TASK BRIEF: Would you return the lines between the one holding "AndYu Ata Grass Serving Tray with Handles" and the one holding "Australian Flag Headwear", inclusive, and only those, exactly as they stand in the listing below?

LISTED ENTRIES section start

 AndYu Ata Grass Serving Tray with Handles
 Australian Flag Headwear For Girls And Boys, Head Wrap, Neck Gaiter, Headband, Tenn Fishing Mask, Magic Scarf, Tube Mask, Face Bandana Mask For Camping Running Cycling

LISTED ENTRIES section end
LISTED ENTRIES section start

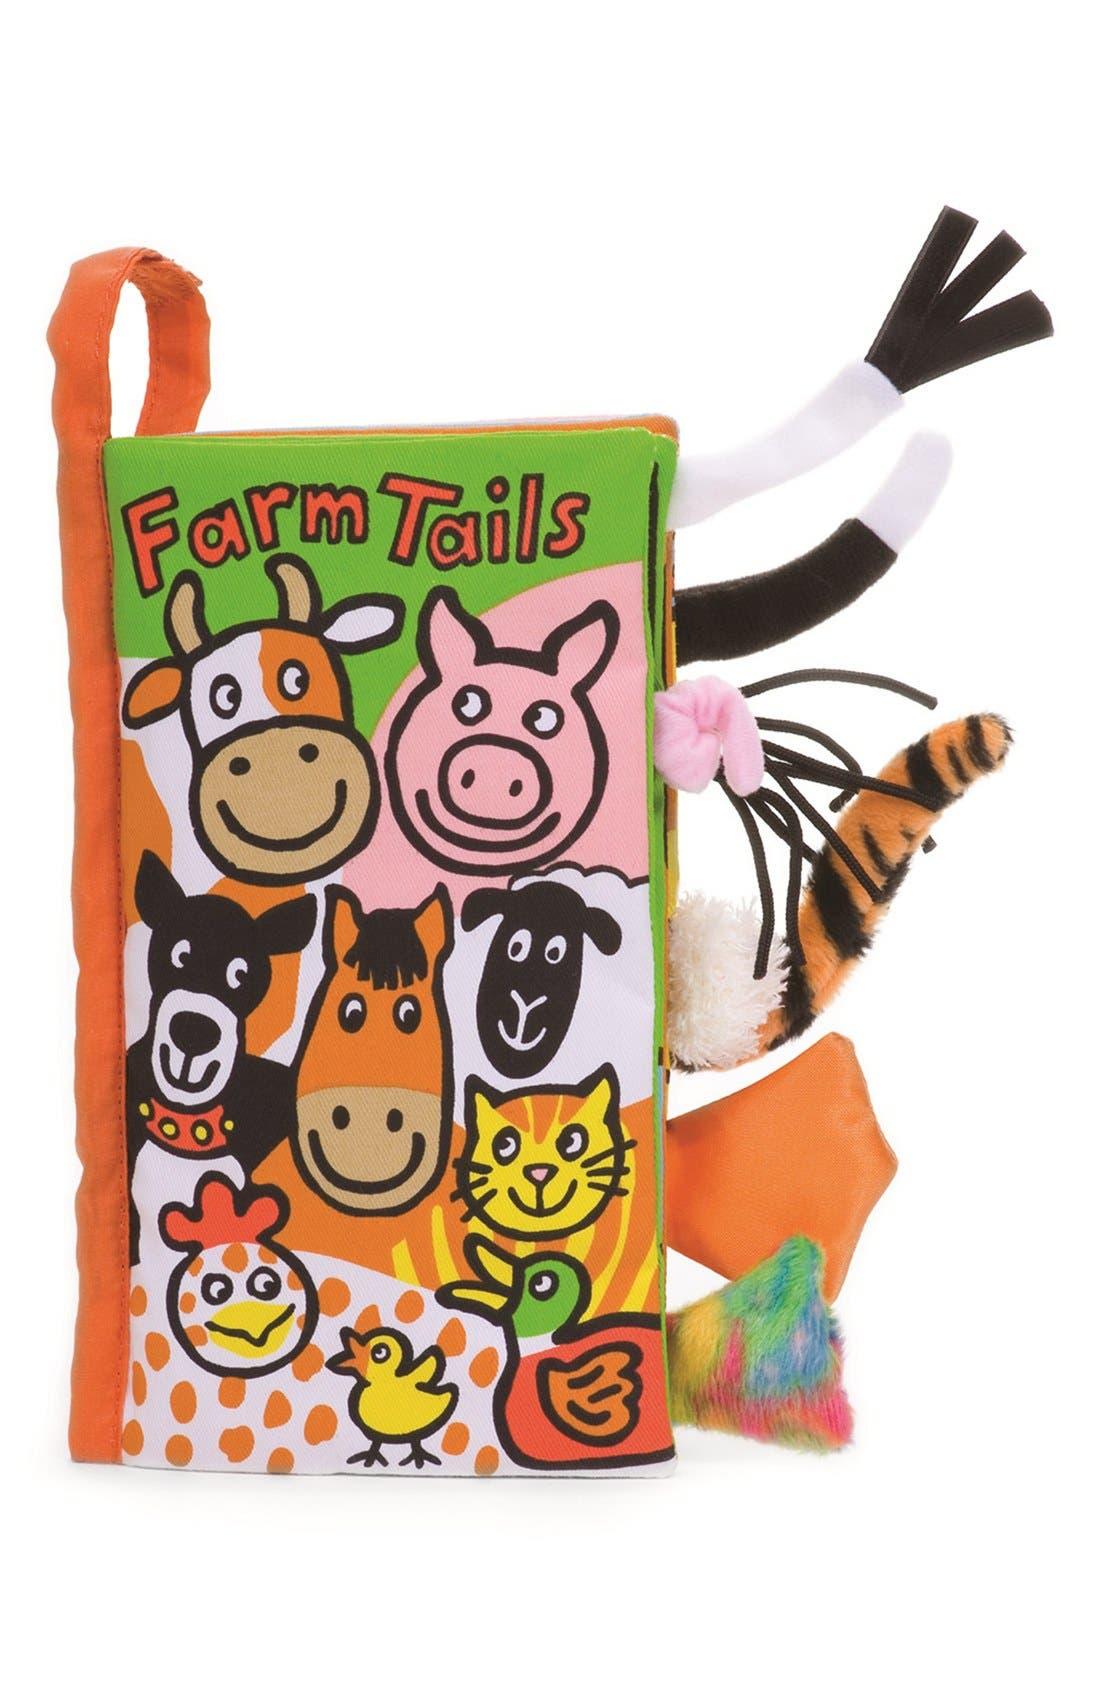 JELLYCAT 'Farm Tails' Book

LISTED ENTRIES section end
LISTED ENTRIES section start

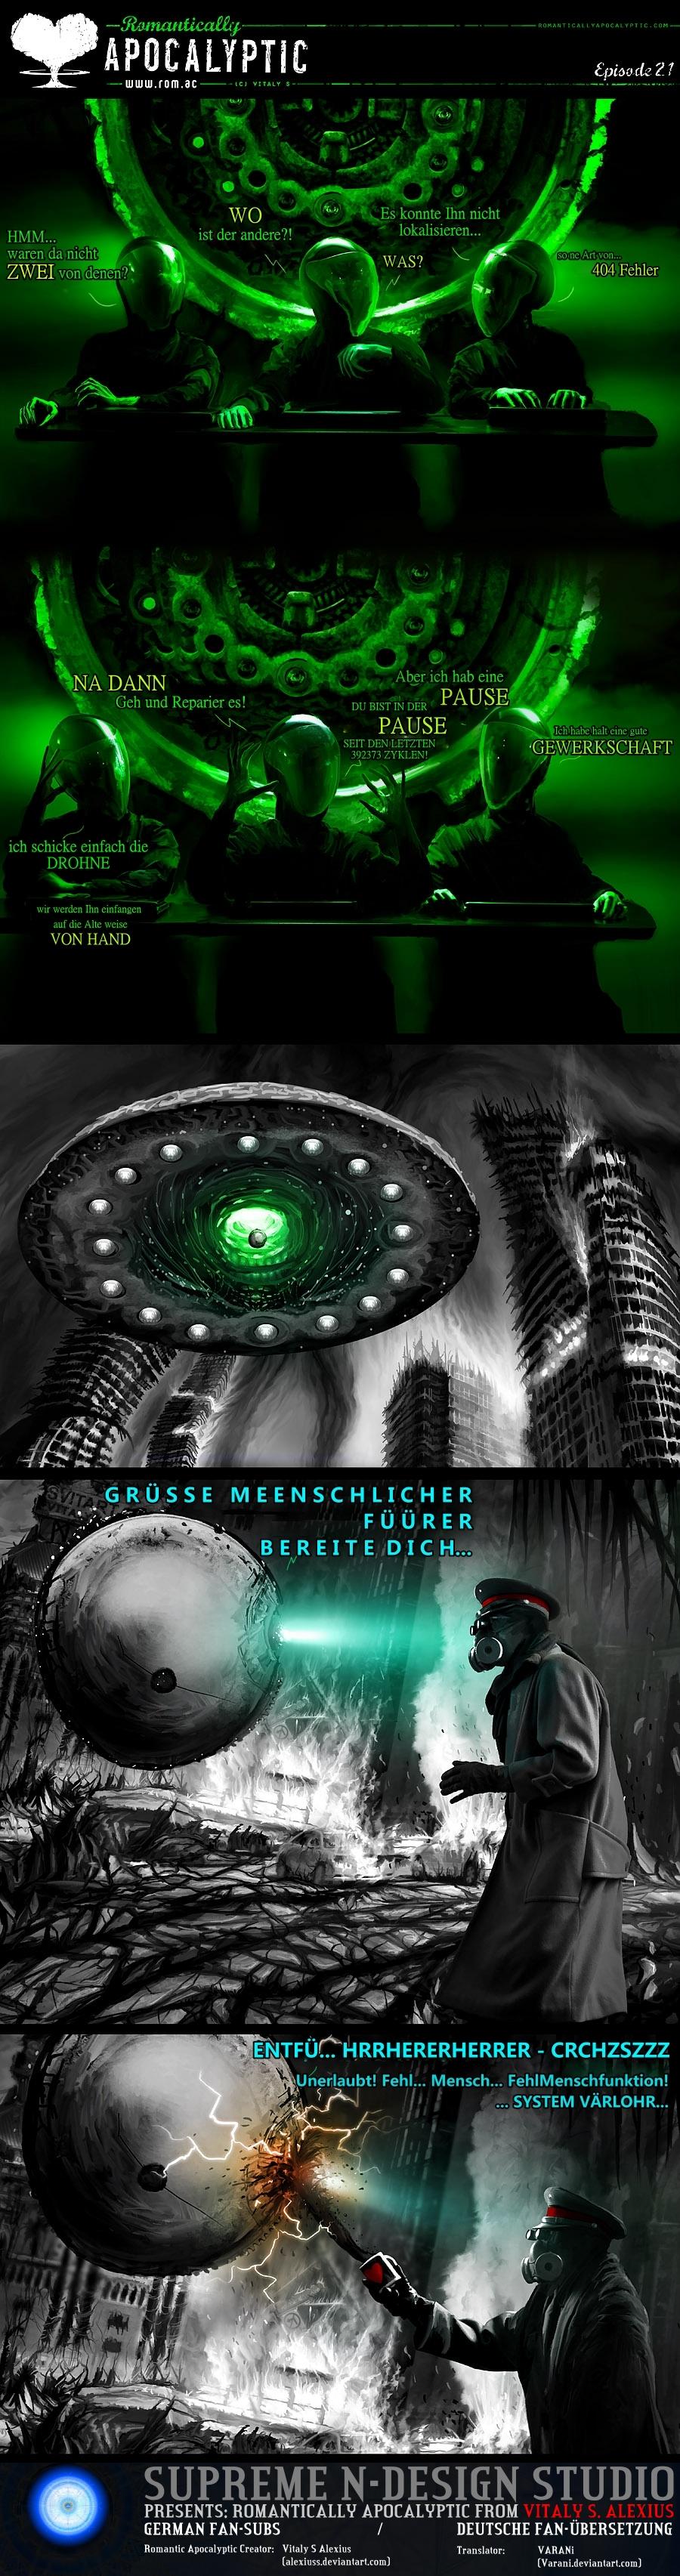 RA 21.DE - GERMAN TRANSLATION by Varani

LISTED ENTRIES section end

WRITTEN RESPONSE:
 AndYu Ata Grass Serving Tray with Handles
 Australian Flag Headwear For Girls And Boys, Head Wrap, Neck Gaiter, Headband, Tenn Fishing Mask, Magic Scarf, Tube Mask, Face Bandana Mask For Camping Running Cycling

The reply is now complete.